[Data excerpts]
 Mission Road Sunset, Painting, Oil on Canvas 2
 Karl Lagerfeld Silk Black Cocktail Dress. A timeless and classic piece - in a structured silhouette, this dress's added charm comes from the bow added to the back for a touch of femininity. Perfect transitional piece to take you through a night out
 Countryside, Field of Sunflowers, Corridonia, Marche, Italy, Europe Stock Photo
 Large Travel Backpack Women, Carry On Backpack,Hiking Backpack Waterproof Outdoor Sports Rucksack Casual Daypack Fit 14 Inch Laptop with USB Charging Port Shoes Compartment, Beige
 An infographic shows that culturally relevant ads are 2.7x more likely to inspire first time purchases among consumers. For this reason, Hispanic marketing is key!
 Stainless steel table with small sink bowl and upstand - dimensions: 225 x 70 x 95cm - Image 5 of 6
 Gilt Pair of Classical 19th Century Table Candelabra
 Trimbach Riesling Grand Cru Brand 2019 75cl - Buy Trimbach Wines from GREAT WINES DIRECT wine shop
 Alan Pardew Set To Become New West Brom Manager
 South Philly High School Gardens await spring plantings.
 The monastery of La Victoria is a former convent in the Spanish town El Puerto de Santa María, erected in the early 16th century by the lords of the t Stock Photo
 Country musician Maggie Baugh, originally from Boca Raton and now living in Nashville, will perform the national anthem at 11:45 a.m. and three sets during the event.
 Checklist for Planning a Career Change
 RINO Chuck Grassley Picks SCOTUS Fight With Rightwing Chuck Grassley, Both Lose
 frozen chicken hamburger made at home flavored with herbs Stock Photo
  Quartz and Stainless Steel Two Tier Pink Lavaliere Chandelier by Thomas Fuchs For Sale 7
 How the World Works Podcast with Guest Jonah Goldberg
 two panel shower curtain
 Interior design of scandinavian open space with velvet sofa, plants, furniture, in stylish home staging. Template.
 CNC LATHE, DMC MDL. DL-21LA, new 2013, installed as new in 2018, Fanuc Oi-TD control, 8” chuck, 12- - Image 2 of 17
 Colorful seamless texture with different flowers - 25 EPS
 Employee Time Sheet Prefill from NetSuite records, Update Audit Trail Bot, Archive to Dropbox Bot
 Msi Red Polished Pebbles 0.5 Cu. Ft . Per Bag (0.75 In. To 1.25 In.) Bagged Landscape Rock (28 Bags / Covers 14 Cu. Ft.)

> **Exercise objective**
Search the entries for the string "Image". Copy every line that has it.

> **Your solution**
 Stainless steel table with small sink bowl and upstand - dimensions: 225 x 70 x 95cm - Image 5 of 6
 CNC LATHE, DMC MDL. DL-21LA, new 2013, installed as new in 2018, Fanuc Oi-TD control, 8” chuck, 12- - Image 2 of 17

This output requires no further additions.